Diving Deeper into Manufacturing – The Road Trip Part IV

The final stop on my tour was to Anfinsen Plastic Molding in Oswego, IL. Anfinsen is another mid-sized manufacturing facility, but this time; there were no auto parts involved. Anfinsen deals in plastics. They also assemble displays you have probably seen thousands of times, but never knew where they came from. From cigarette racks to your local Taco Bell, Anfinsen has had their hand in displays all across the country. Why did we choose Anfinsen? Not only because they're excellent at what they do, but my business partner Michelle's father owns the company. So again, knowing people in the manufacturing world pays off.

John Frieders (Operations Manager) was so kind as to give me a tour of the facility and it was there I saw efficiency in action. John showed me how they set up their manufacturing lines and how they verify quality control. We also discussed how the company has approximately 50 full time employees, but can ramp up or down based on the amount of work that needs to be done. Having flexibility allows Anfinsen to minimize overhead when necessary to drive costs down. John also walked me through several examples of past jobs that were found to be inefficient and how the people in the company put their heads together to find better ways to get the job done. It may have been something simple like raising a table higher or using a different tool, but sometimes making slight adjustments can really drive greater efficiency. That's the name of the game in manufacturing. It's about getting the most out of as few resources as possible, and time is a very limited resource.

John made it a point to discuss how the infrastructure Anfinsen has in place really helps them operate smoothly. Not only do they have operational software as the backbone of the company, but they have also come up with creative ways to back up that software to be sure no mistakes are made. For example, checklists are created in the assembly process so a person can physically check the assembly to verify that each part has been added. Also, they've come up with a perforated sticker that allows parts of the sticker to be peeled off and saved as a product is moved through the facility and prepared for shipment. It's these processes that allow Anfinsen to be sure they have a handle on both the quality of their work and the inventory they have in their warehouse. When I asked John what goals they had in place for themselves when it came to quality or shipments, he was very clear. "We don't miss ship dates," he said. I tried to get him to budge and give me a number, but he was adamant and not going to crack.
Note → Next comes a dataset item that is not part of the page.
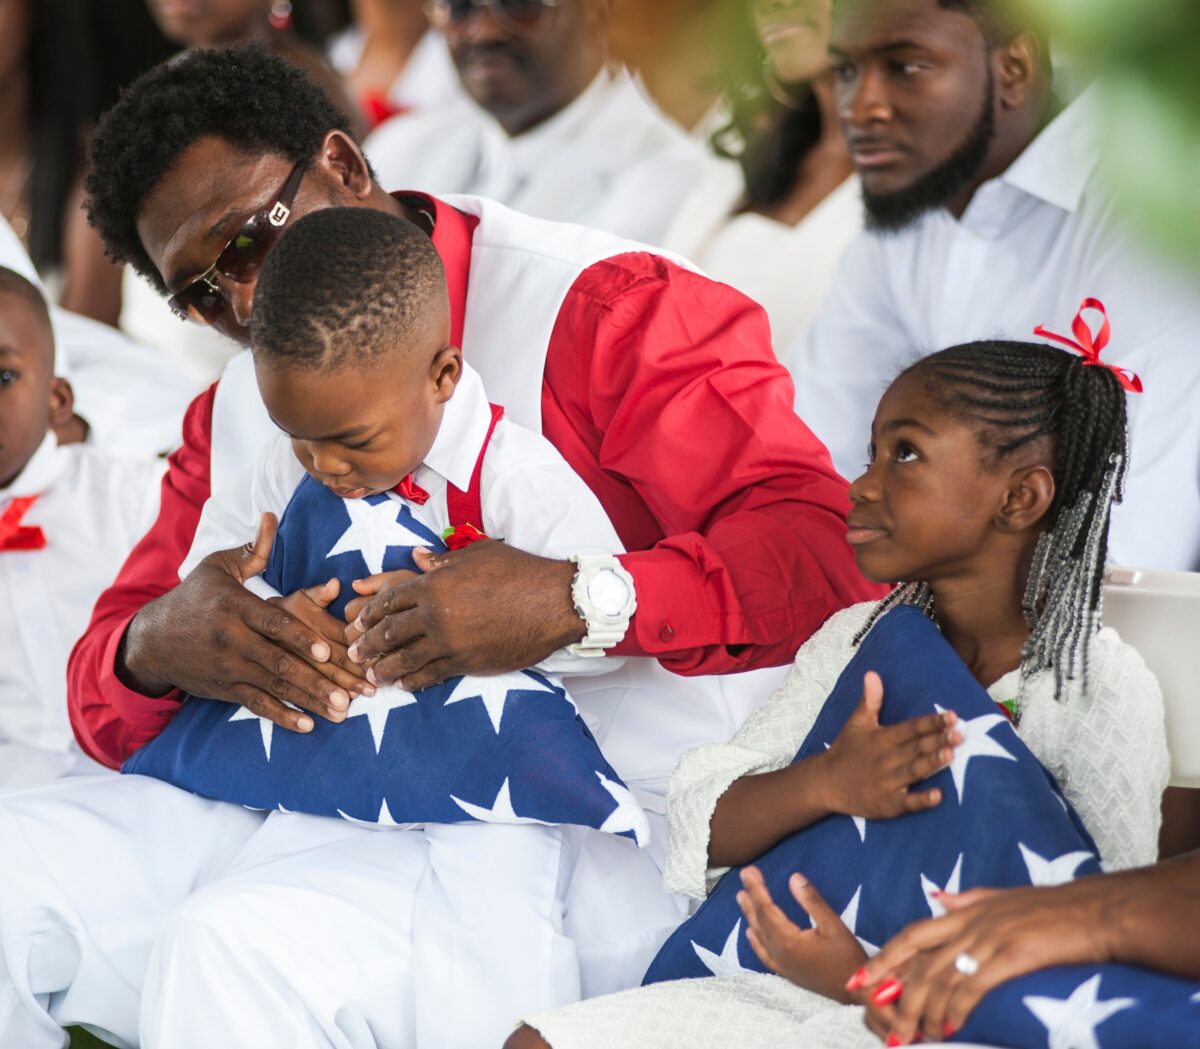 Những đứa con của một Trung sĩ Lục quân Hoa Kỳ La David Johnson, người đã thiệt mạng trong một cuộc phục kích ở Niger, cầm quốc kỳ Mỹ đã gấp lại được trao cho các em trong lễ an táng vào ngày 21/10/2017 tại Hollywood, Florida. (Ảnh: Gaston De Cardenas/Getty Images)

Finally, John and I discussed the ERP software they use to run their operation. It's called Made 2 Manage. John said it runs everything from inventory to shipments. Like other companies, it's the bloodline of their organization. He said the majority of software in the manufacturing industry follows Oliver Wight's MRP (Material requirements planning) principles to manage the manufacturing process and Made 2 Manage is no different. When I asked him what he liked best and what was the most frustrating about Made 2 Manage, he told me having real time data was the best part about it, and not being able to create custom reports was the most frustrating. This sounded very familiar to what I heard from Hadley when I visited them earlier in the week.

How do I correlate what I found at Anfinsen to what we hear on a daily basis from our customers? Some ideas that come to mind are efficiency, quality, and how software ties into both. Just like our customers at Stitch Labs, Anfinsen tries to get as much out of their resources as possible. In many cases with Stitch Labs' customers, it boils down to time and people limitations. There's never enough time in the day to get everything done, so getting creative becomes a necessity in some aspects of the business. When it comes to quality, there can be no substitute. Be it operational quality, or product quality, customers want a product that meets or exceeds expectations. Lastly, the software a company chooses can have a major effect on the business. It has to fit the organizations personality and their needs. If it is more of a headache than a helper, it's time to find something new. But if it's the right fit, it can drive both your efficiency and quality in the right direction.

So now my road trip has come to an end and I feel like I got a real education about how mid-sized manufacturing works. It's nice to know that some of the same problems that plague our current customers are not isolated to them. I saw a lot of issues when I worked for Fortune 500 manufacturers and it's evident to me now that a lot of similar issues exist regardless of the company's size. It's up to the company to not only get creative with their processes, but pick the right software to help them run their business.

A special thank you is necessary to all three companies I visited last week. To Hadley, O&K Technologies America and Anfinsen, we greatly appreciate you allowing us into your world. We'll be sure to keep learning back in the lab so we can help companies avoid some of this issues we've seen this week. And if you ever want to talk about how we can make our software more effective, we're all ears.